The track-bound vehicle according to the invention is advantageous since it has an optical sensor system which operates according to a transmitter/receiver principle. For this purpose, the optical sensor system comprises, on the first car, at least one optical transmitter which is aligned with the area to be monitored, and comprises, on the second car, at least one optical receiver. The optical sensor system is preferably aligned here in such a way that the light path runs parallel to the longitudinal axis of the track-bound vehicle. The optical sensor system is designed to output a detection signal if the light path between the at least one optical transmitter and the at least one optical receiver is interrupted. In this context, within the scope of the present invention, an interruption of the light path between the at least one optical transmitter and the at least one optical receiver, which is, under certain circumstances, only a partial interruption above a threshold, is referred to as an interruption.

The optical sensor system may be designed either in the form of an individual photoelectric barrier or else in the form of a light curtain. In the latter case, the detection signal is preferably already triggered when the light path to one of the optical receivers is interrupted. As an alternative to this, in the case of an optical sensor system in the form of a light curtain, the detection signal may, for example, not be triggered until the light path or the light paths to two adjacent optical receivers is/are interrupted. As a result, incorrect triggering, for example owing to cigarette butts which have been thrown into the monitored area, is advantageously reduced or avoided.

The use of an optical sensor system of the specified type is advantageous since such a system is comparatively robust with respect to rocking of the two cars of the track-guided vehicle. For example, in the case of the use of optical transmitters with an irradiation angle of +/−10° and an assumed minimum distance between the respective optical transmitter and the respective optical receiver of 95 cm, a light cone with a base surface diameter of approximately 33.5 cm can be obtained computationally in the area of the optical receiver. As a result, the optical receivers still detect the light irradiated by the respective optical transmitter even when there is a considerable horizontal or vertical offset between the two coupled cars with respect to one another. When there is a relatively large distance between the respective optical transmitter and the respective optical receiver, the base surface diameter of the light cone also increases correspondingly.
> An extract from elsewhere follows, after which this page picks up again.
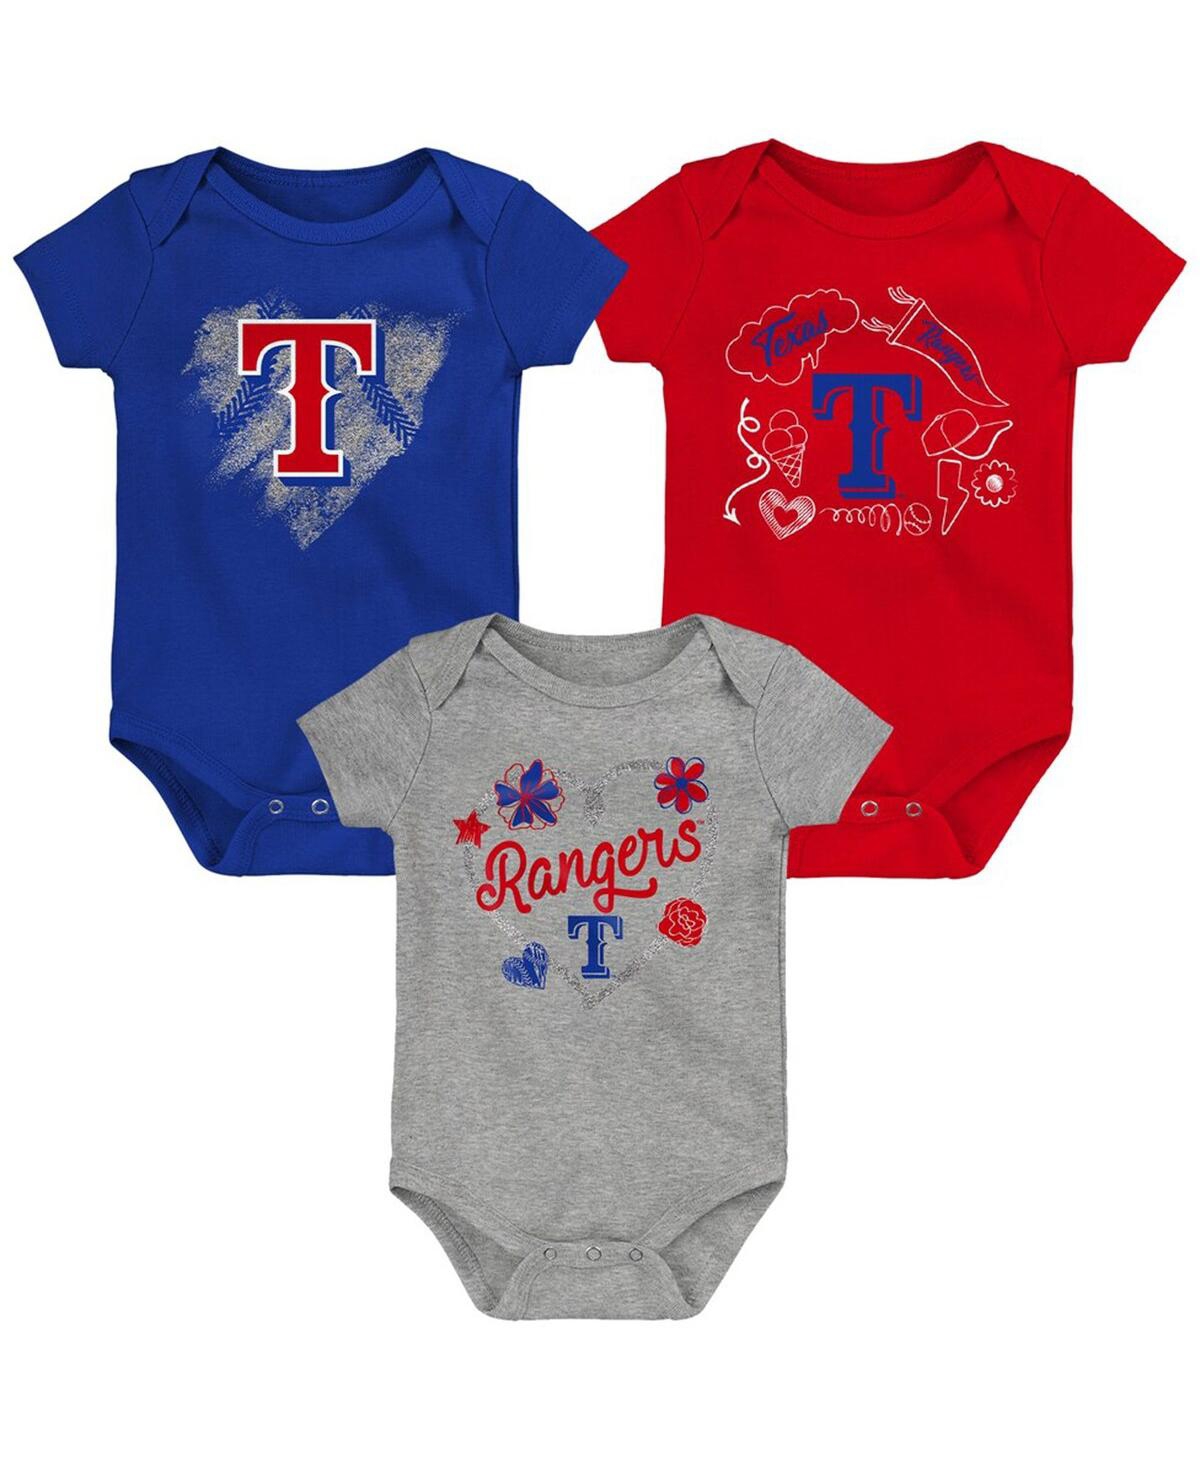 Shop Outerstuff Infant Boys And Girls Royal, Red, Gray Texas Rangers Batter Up 3-pack Bodysuit Set In Royal,red,gray

As a result, incorrect triggering is advantageously avoided or at least reduced by the use of a transmitter/receiver principle.
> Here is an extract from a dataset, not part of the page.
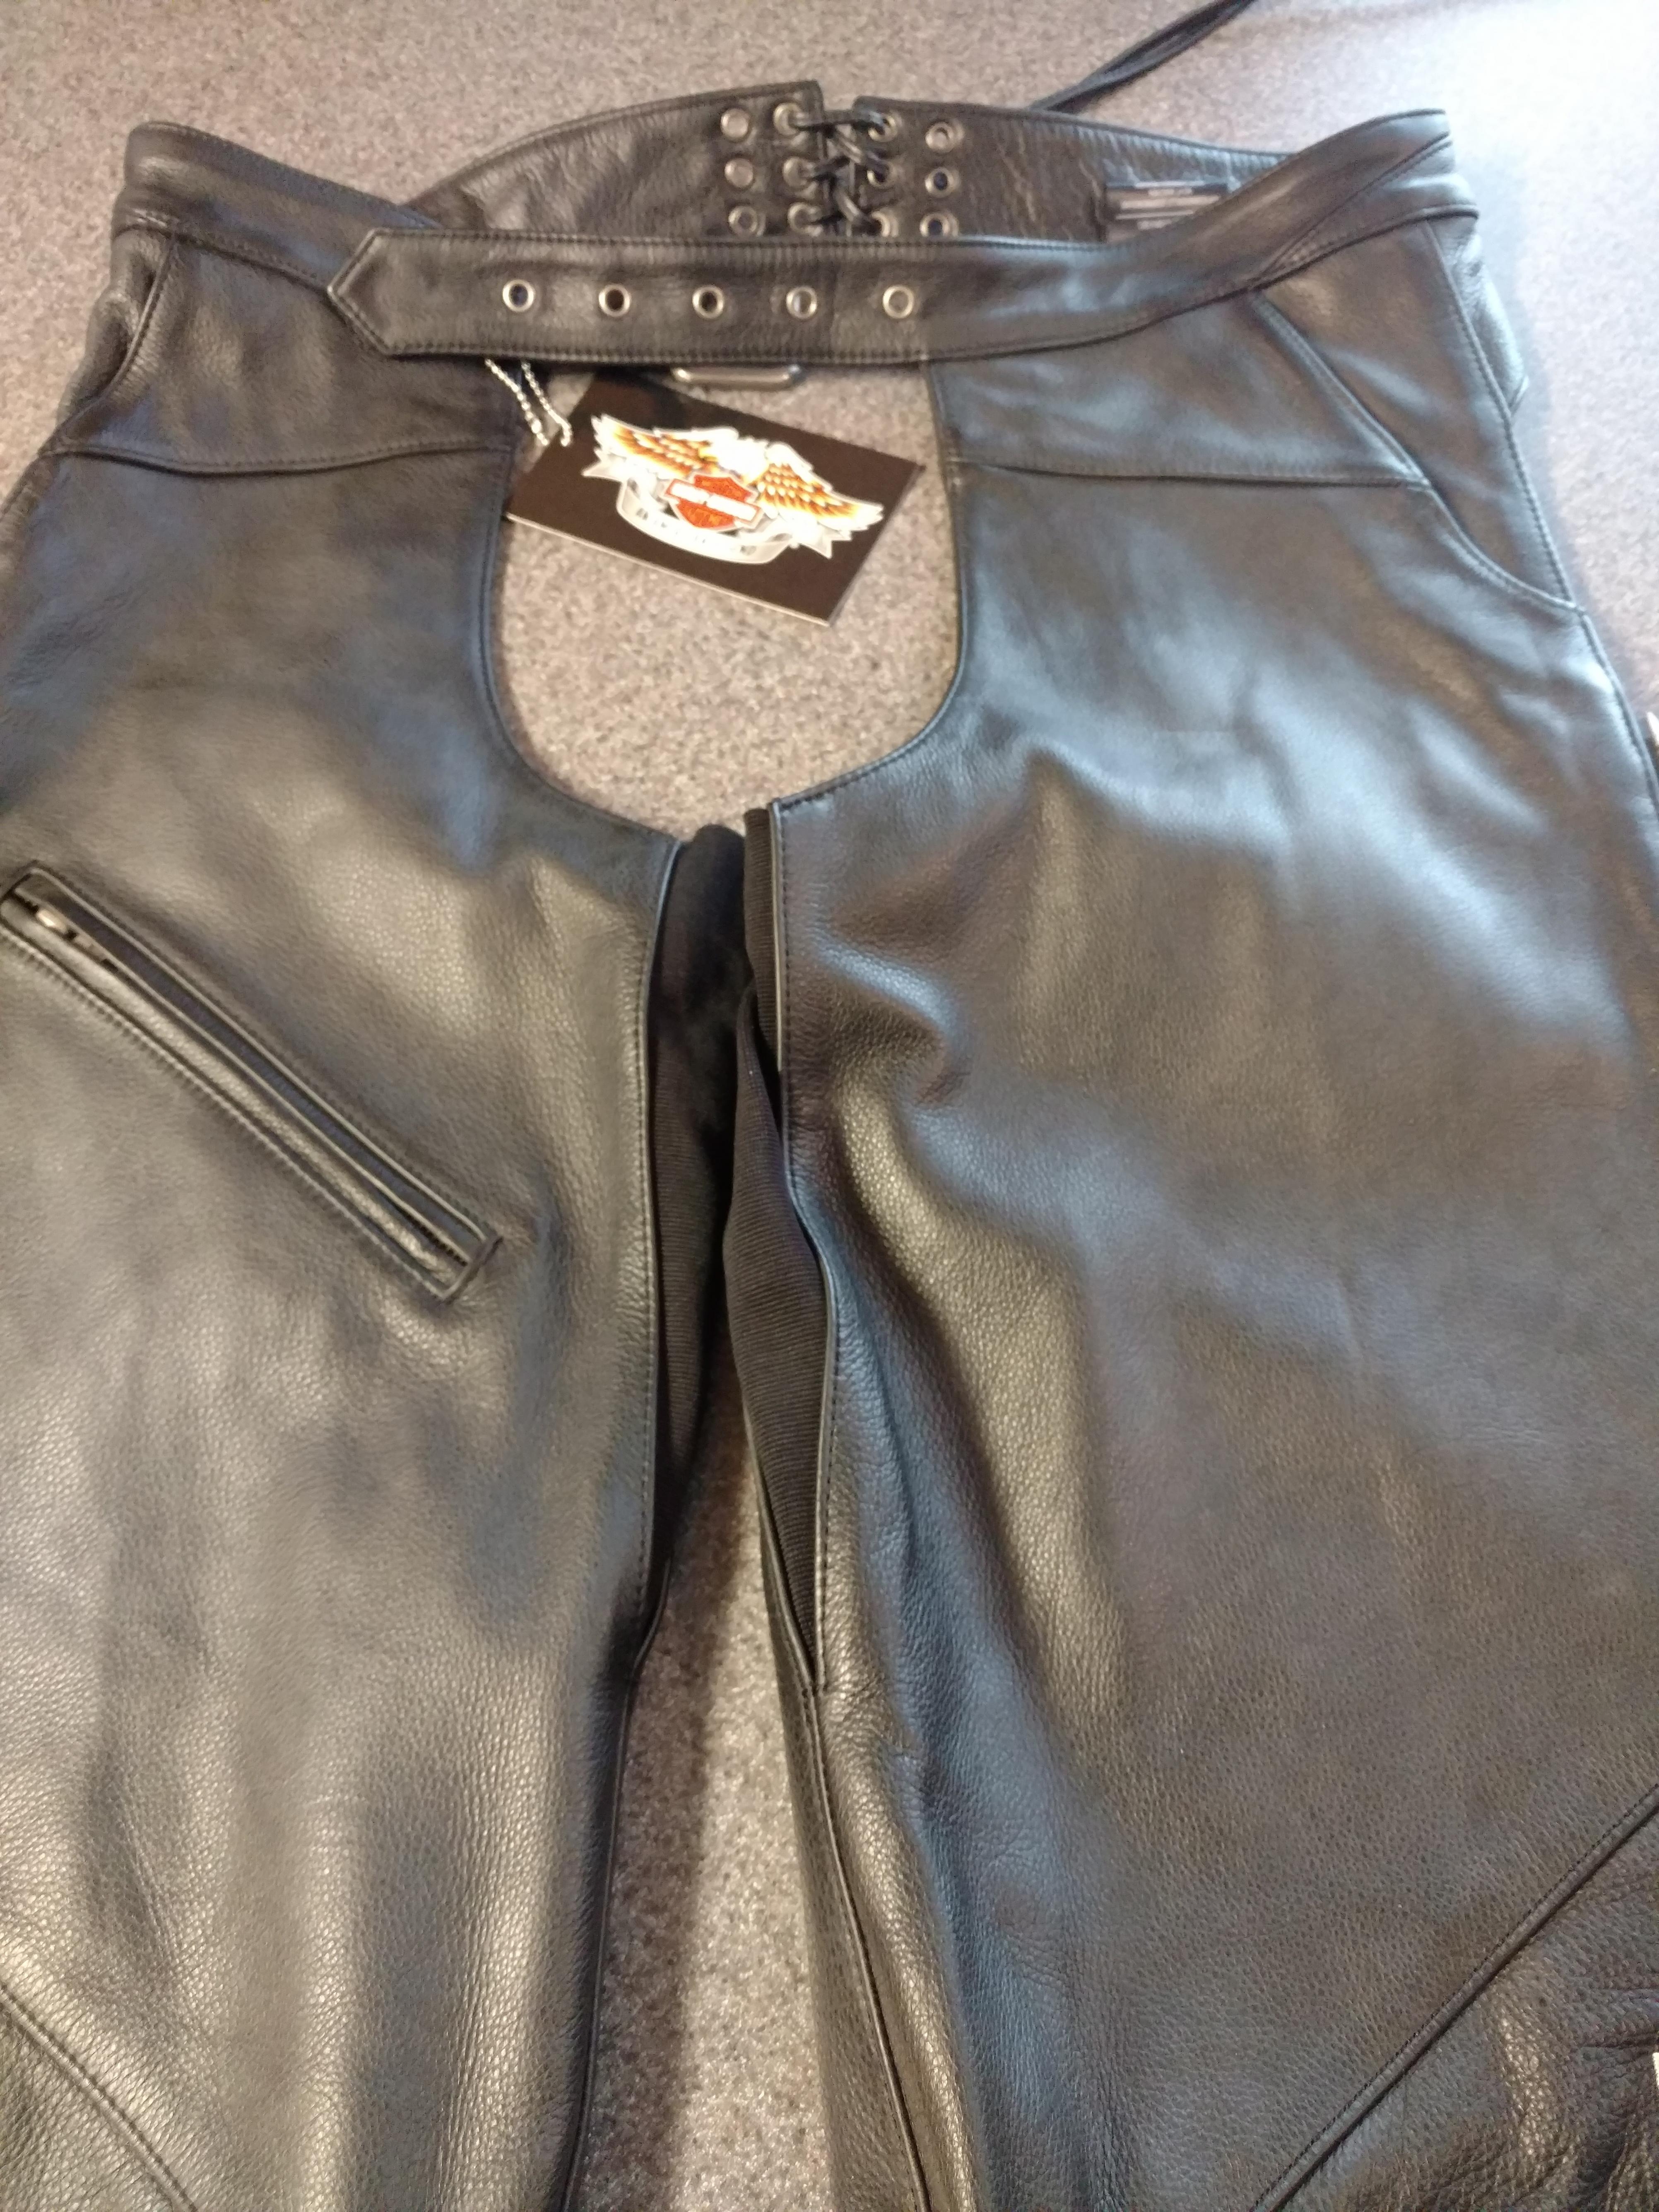 Ladies Harley Deluxe Chaps - Size Large - Harley Davidson Forums

The use of an optical sensor system is also advantageous to the effect that it avoids possible problems in terms of the electromagnetic compatibility (EMC) of the sensor device.

In order to achieve the best possible interference suppression, the at least one optical sensor can emit modulated light, as a result of which at the respective optical receiver it is possible to carry out verification of the respective optical transmitter as the source of the received light.
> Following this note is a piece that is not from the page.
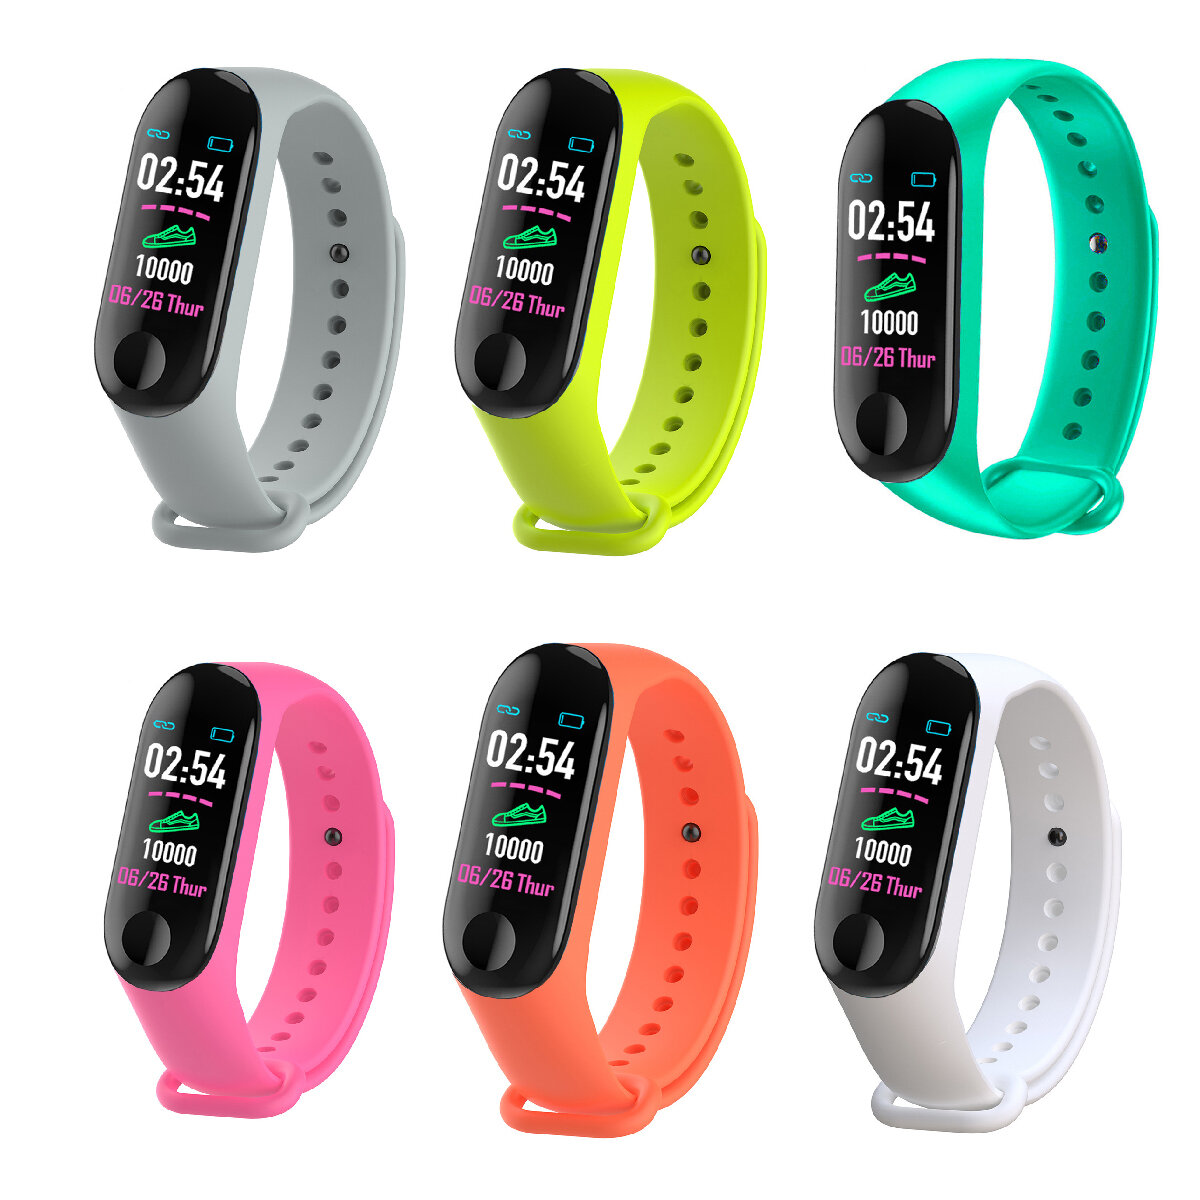 

Bakeey HD Color Screen Wristband Blood Pressure Heart Rate Monitor Running Route Track Camera Control Smart Watch

It has become apparent that optical sensor systems are surprisingly insensitive to adverse effects due to soiling, with the result that reliable operation of the optical sensor system is ensured even under the rough conditions of use outside the track-bound vehicle. Furthermore, there is the advantage that corresponding optical sensor systems are available comparatively cost-effectively in a form which is suitable for railway applications.

It is to be noted that the track-bound vehicle according to the invention can, of course, also have more than two cars which are coupled to one another. In this case, in each case all the areas between coupled cars of the track-bound vehicle are preferably monitored in the way described above. However, it is basically conceivable, even in the case of a vehicle with multiple cars, that monitoring is not carried out for all the areas between the cars. This may be the case, for example, if individual cars of the coupled cars are technically not equipped, or not yet equipped, for corresponding monitoring.

The track-bound vehicle according to the invention is preferably developed in such a way that in terms of their mounting height the at least one optical transmitter and the at least one optical receiver are each arranged underneath the car body of the respective car. This is advantageous since, owing to the comparatively low mounting height of the at least one optical transmitter and of the at least one optical receiver, the monitoring usually takes place in a spatial area below the edge of the platform. This advantageously makes it more difficult for passengers on the platform to tamper with the optical sensor system. In a fundamental difference from the sensor device which is known from DE 201 19 009 U1, monitoring of the area above the coupling is therefore intentionally dispensed with here, with the result that a person who is located on the coupling generally will not be detected. The track-bound vehicle according to the invention therefore preferably serves less to protect such persons who deliberately enter the area between the cars but rather to protect such persons who have entered the monitored area owing to an accident or in error.

Basically, the optical sensor system can be implemented using light of any desired wavelength which is emitted by the at least one optical transmitter. According to one particularly preferred embodiment of the track-bound vehicle according to the invention, the at least one optical sensor system is an infrared sensor system. This provides, in particular, the advantage that the light path remains invisible to the human eye, and therefore the probability of attempts at tampering or disruption are reduced.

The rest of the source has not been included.